## Directions for this task
Your response should consist solely of the lines from the one containing "security-guard-castle-donington" through the final line of the entries, repeated exactly.

## Source data
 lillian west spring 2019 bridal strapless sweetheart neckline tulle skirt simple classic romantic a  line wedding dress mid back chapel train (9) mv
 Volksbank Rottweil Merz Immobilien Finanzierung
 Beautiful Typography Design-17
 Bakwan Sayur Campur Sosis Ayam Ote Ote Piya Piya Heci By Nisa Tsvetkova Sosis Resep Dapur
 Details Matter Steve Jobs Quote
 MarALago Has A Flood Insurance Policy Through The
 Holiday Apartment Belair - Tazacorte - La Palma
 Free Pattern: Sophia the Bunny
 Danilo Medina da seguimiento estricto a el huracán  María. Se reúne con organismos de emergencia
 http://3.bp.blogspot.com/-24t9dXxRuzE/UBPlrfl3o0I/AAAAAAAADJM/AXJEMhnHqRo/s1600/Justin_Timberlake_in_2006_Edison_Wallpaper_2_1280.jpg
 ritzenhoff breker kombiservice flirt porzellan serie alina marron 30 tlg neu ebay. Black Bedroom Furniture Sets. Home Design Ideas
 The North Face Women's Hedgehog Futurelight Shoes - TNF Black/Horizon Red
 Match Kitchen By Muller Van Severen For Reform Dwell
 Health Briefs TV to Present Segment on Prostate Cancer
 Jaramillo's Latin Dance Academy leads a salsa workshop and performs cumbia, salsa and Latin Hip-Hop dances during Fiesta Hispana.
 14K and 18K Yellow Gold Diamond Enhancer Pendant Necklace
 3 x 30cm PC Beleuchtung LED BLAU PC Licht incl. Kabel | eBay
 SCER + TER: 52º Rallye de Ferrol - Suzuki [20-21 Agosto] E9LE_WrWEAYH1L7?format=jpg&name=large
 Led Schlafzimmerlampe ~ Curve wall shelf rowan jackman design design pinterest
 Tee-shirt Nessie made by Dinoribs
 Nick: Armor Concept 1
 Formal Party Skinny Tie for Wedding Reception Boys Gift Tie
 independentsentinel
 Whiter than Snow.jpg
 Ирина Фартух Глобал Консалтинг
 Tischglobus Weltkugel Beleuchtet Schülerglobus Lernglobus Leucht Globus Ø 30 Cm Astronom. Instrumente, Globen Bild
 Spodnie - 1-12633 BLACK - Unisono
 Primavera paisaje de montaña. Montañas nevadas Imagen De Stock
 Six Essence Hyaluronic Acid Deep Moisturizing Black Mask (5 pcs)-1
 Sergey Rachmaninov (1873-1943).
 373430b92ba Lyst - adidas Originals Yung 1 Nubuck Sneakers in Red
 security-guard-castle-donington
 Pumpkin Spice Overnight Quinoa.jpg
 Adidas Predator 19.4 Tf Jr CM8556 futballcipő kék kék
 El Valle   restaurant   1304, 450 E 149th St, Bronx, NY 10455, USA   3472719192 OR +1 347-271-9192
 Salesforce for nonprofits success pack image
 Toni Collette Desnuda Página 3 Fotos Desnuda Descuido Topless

## Result below
 security-guard-castle-donington
 Pumpkin Spice Overnight Quinoa.jpg
 Adidas Predator 19.4 Tf Jr CM8556 futballcipő kék kék
 El Valle   restaurant   1304, 450 E 149th St, Bronx, NY 10455, USA   3472719192 OR +1 347-271-9192
 Salesforce for nonprofits success pack image
 Toni Collette Desnuda Página 3 Fotos Desnuda Descuido Topless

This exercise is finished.